Gli storici ricordano spesso la delegittimazione costante che  il sistema politico italiano ha subito da parte  dell’intellighenzia già all’indomani del processo di unificazione. Lo Statuto albertino, il Parlamento, la competizione dei partiti sono sempre apparsi come mere ‘sovrastrutture’, specchietti per le allodole  volti a dare dignità a una classe politica sostanzialmente corrotta e incompetente. Purtroppo la storia si ripete puntualmente ogni volta che va al governo una coalizione che non incontra il favore della ‘classe dei colti’.

In questi momenti, scatta l’SOS dei custodi dei ‘valori alti’ con la denuncia—cito dall’Appello di Umberto Eco del 2006—della <fatale involuzione della nostra democrazia>, dello <scempio che si è fatto delle leggi, della divisione dei poteri, del senso stesso dello Stato>, di un’Italia che sarà <per cinque anni territorio di rapina da parte di difensori dei loro interessi privati>. I sentimenti, come i ‘gusti’, non si discutono ma si registrano.

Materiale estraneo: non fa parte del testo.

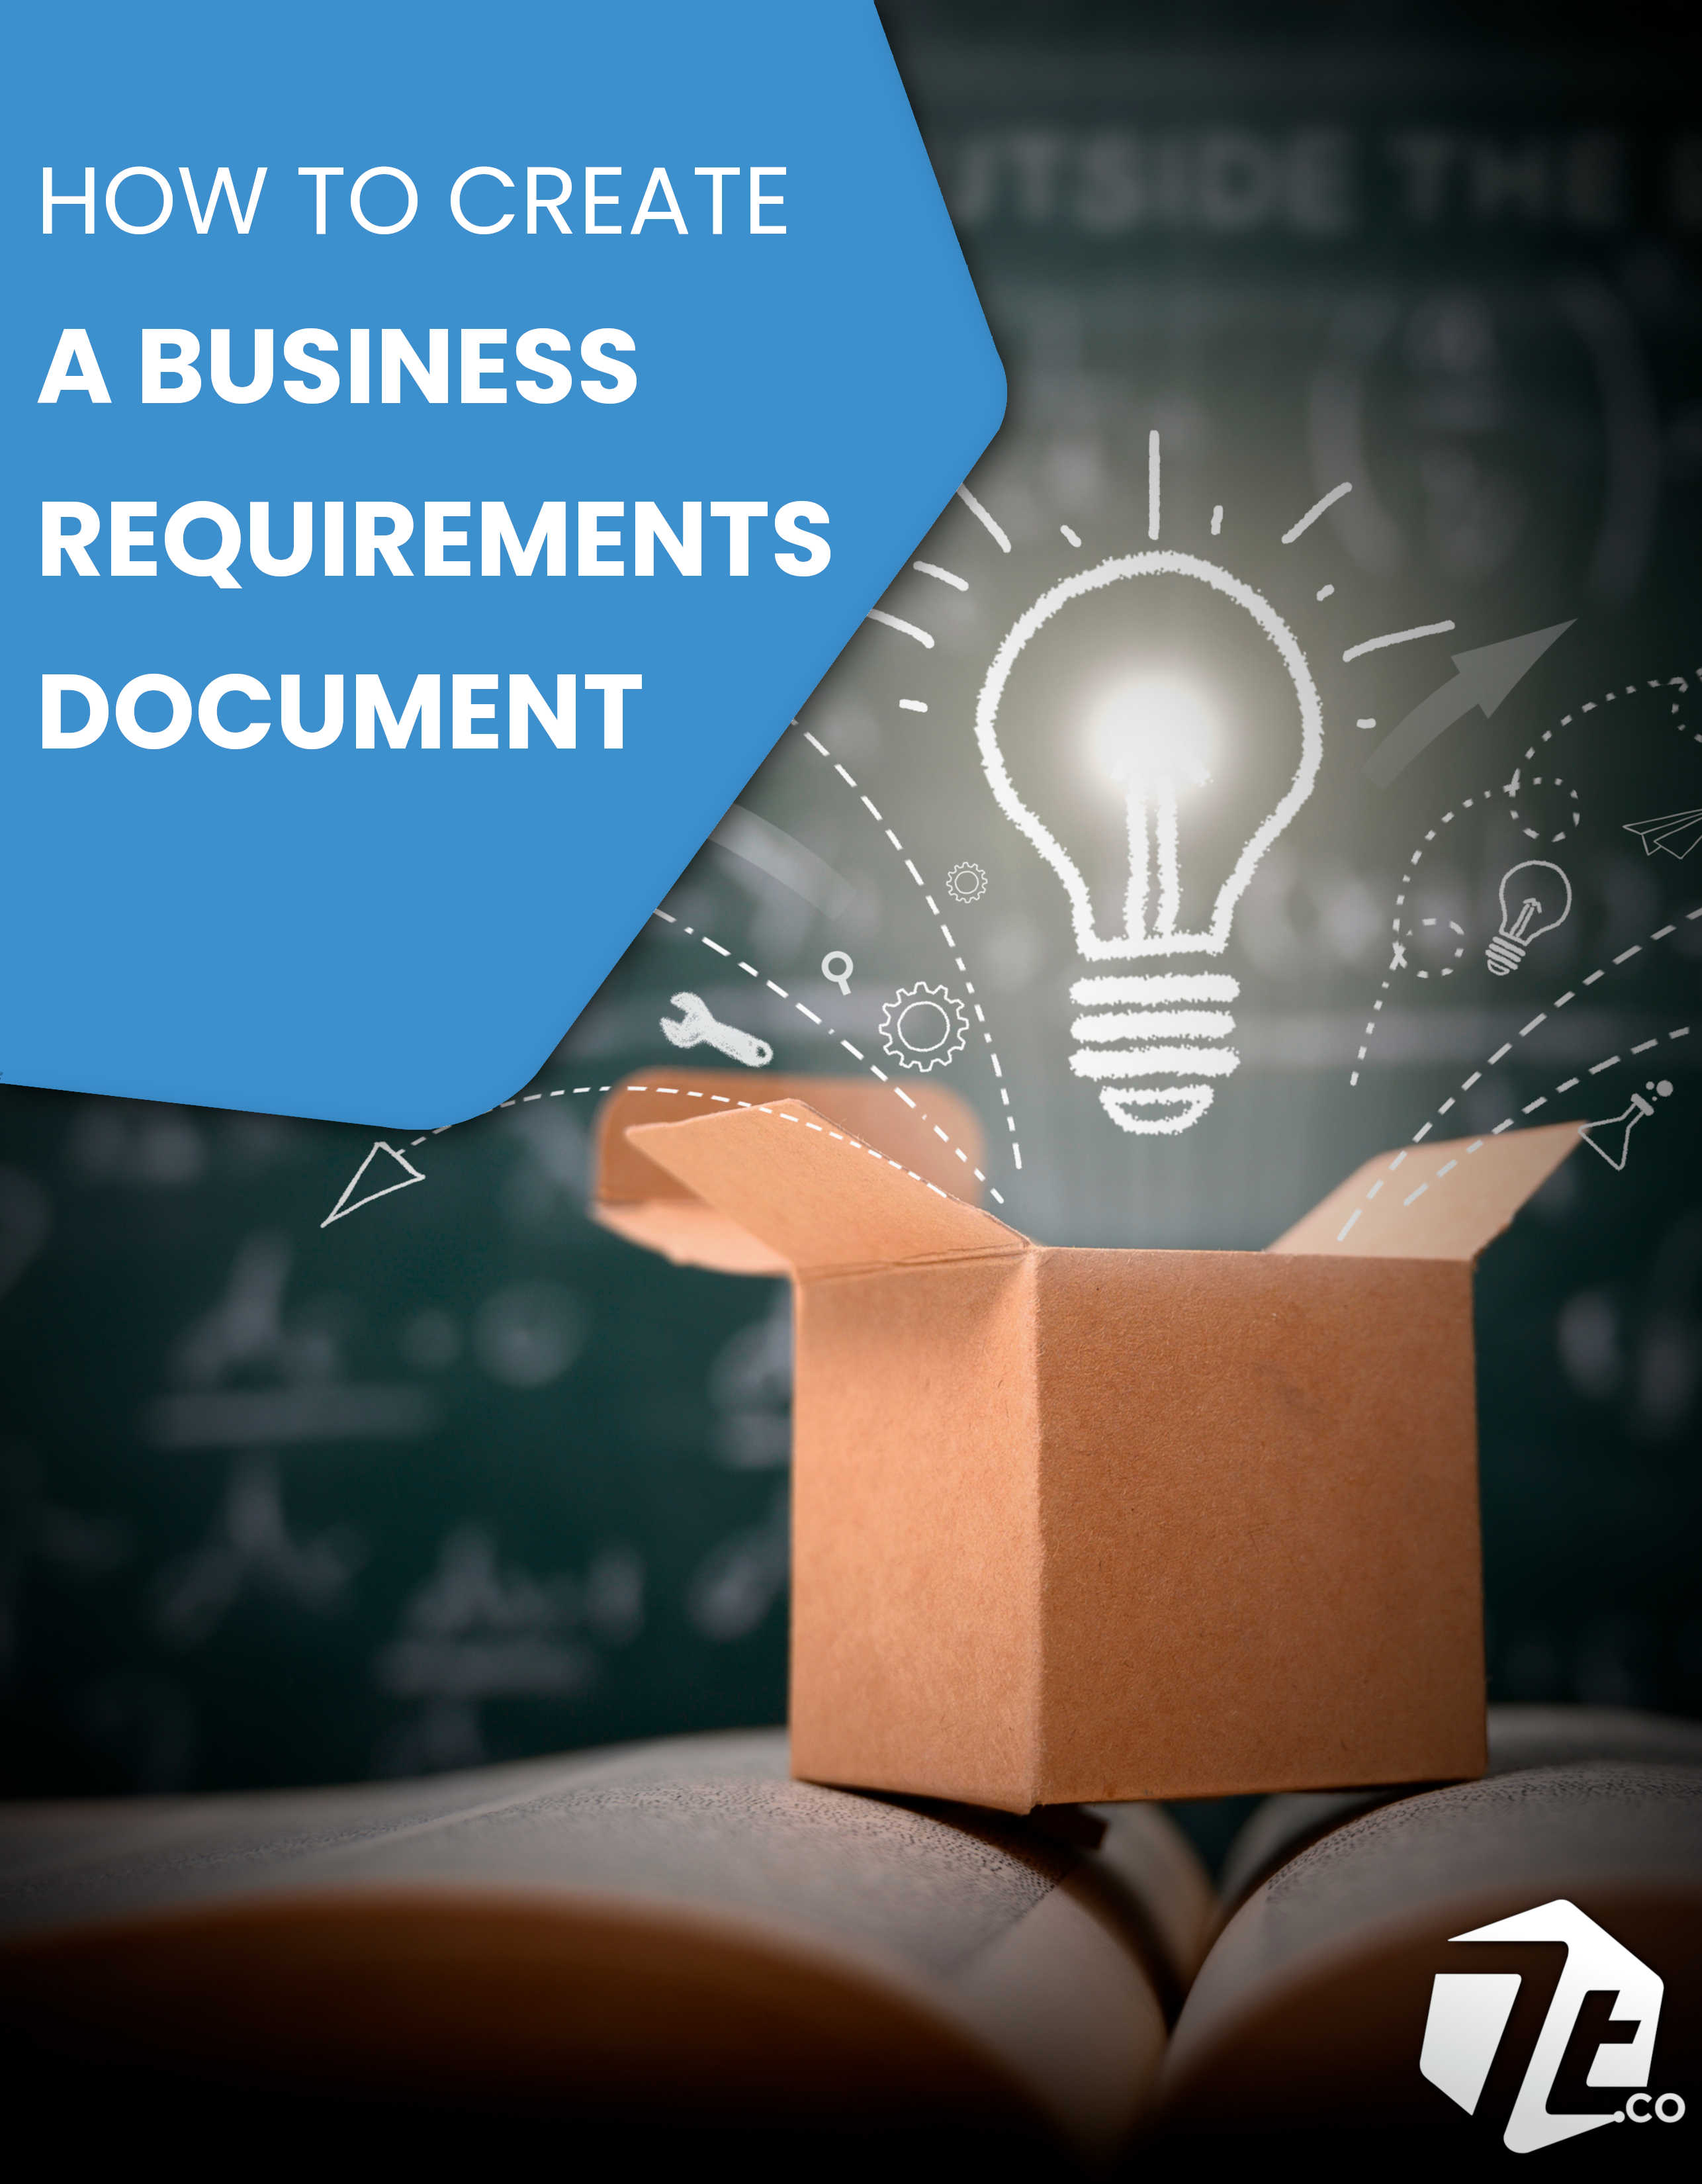 1-Business Requirements Doc-cover

E tuttavia da chi ha scelto <la scienza come professione> si pretende, per lo meno, la conservazione della memoria storica. Quando si leggono le stanche litanie del <mai, prima d’ora…>, si dimentica che, in tutta la Prima Repubblica, gli studiosi e i comuni cittadini che s’interessavano alle vicende politiche del paese erano sconcertati dal fatto che ogni crisi di governo minacciava di diventare una crisi di regime. Chi ha superato il mezzo secolo di vita ricorda bene una delegittimazione del partito di maggioranza che spesso e volentieri investiva la rispettabilità personale di ministri e deputati democristiani. Dai ‘forchettoni’ delle campagne elettorali degli anni cinquanta si passava ai ‘capracottari’ al tempo del delitto Montesi, quando una figura di grande prestigio come Attilio Piccioni venne costretto a dimettersi per l’implicazione, mai dimostrata, del figlio in uno scandalo presentato, chissà perché, <di regime>.

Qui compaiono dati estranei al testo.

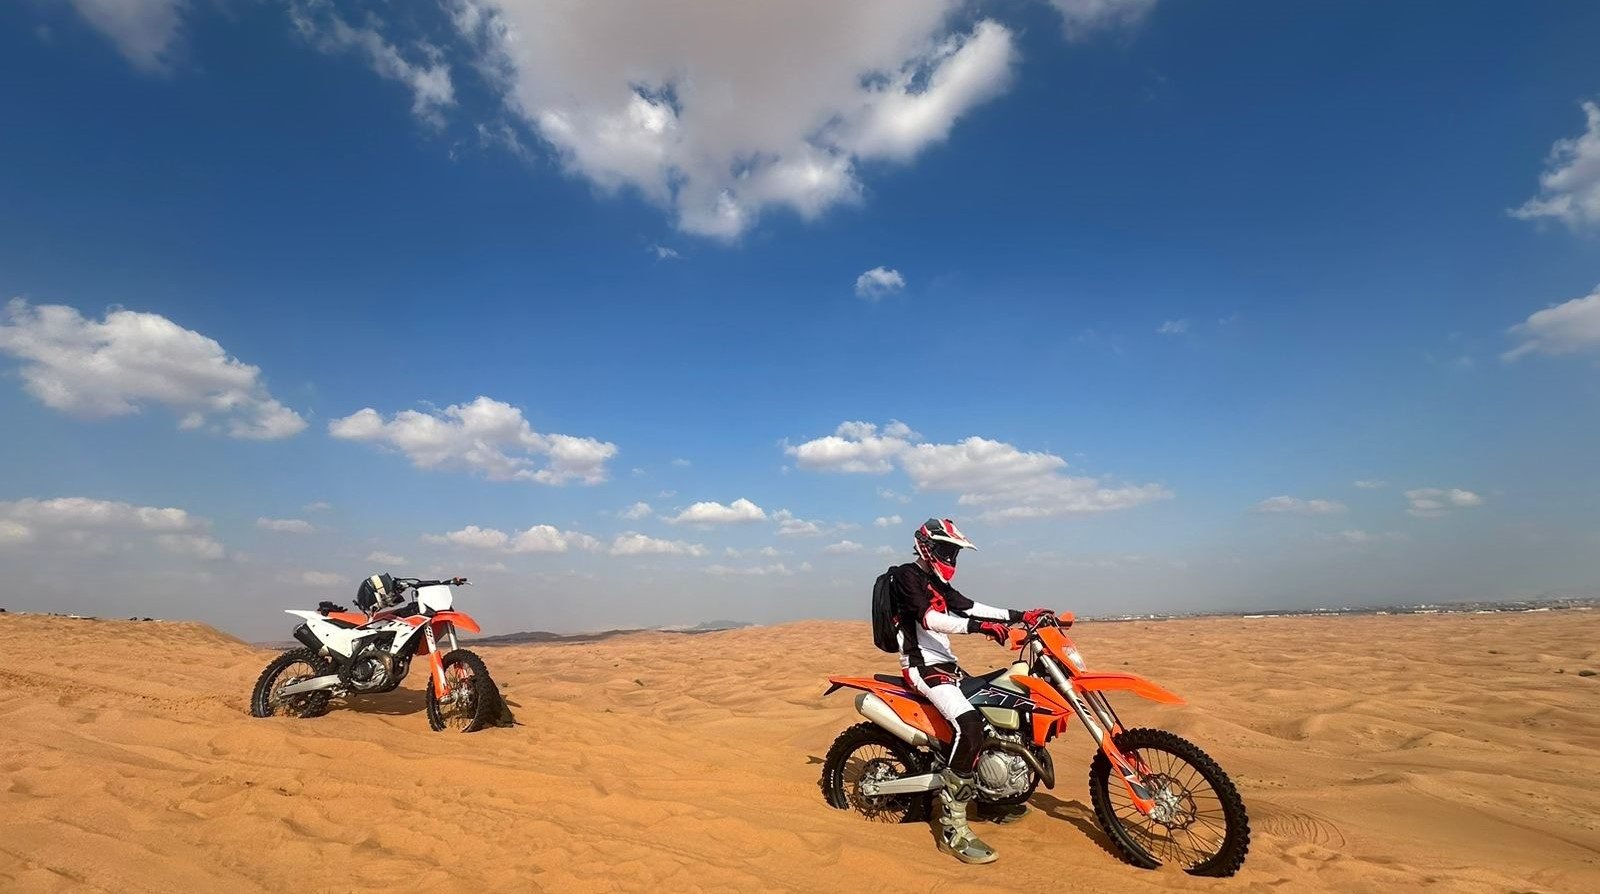 The Best Time of Year for Dirt Biking in Dubai

 Ci sono però tre differenze non da poco tra le due delegittimazioni, quella antidemocristiana della Prima Repubblica e quella antiberlusconiana della Seconda. La prima è ‘ideologica’: ad ispirare la delegittimazione postbellica era un partito (e, per alcuni anni,i due partiti del ‘fronte popolare’) paralizzato dal fattore K ovvero da valori e concezioni del mondo incompatibili con la cultura politica richiesta, in una democrazia liberale, a tutti gli attori politici, di destra e di sinistra. La seconda differenza è ‘sociologica’: fino agli anni ottanta, il partito d’opposizione poteva contare sui compatti battaglioni sindacali, su una classe operaia forte e diffusa sul territorio, su una rete di pubblicisti e di docenti universitari formatisi sui testi sacri del gramscismo e del marxleninismo. La terza differenza riguarda i ‘costumi’: come hanno fatto rilevare Ernesto Galli della Loggia ed altri storici delle ‘mentalità’, nell’Italia di Peppone e di don Camillo, vi erano ‘valori’ di fondo (un ‘basso continuo’, per dirla con gli antropologi) comuni alle due ‘chiese’ in competizione, la laica (comunista) e la cattolica (democristiana). Un vecchio militante comunista del quartiere operaio di Sestri Ponente, un aficionado del mio corso di ‘Storia del pensiero politico’, mi ha riferito recentemente un episodio degli anni sessanta al quale aveva assistito  nella sua sezione. Un compagno ‘della base’, intervenuto in un dibattito per criticare un dirigente genovese, fu messo a tacere con le parole:<Che comunista sei tu che, lo sappiamo tutti, tradisci tua moglie!>.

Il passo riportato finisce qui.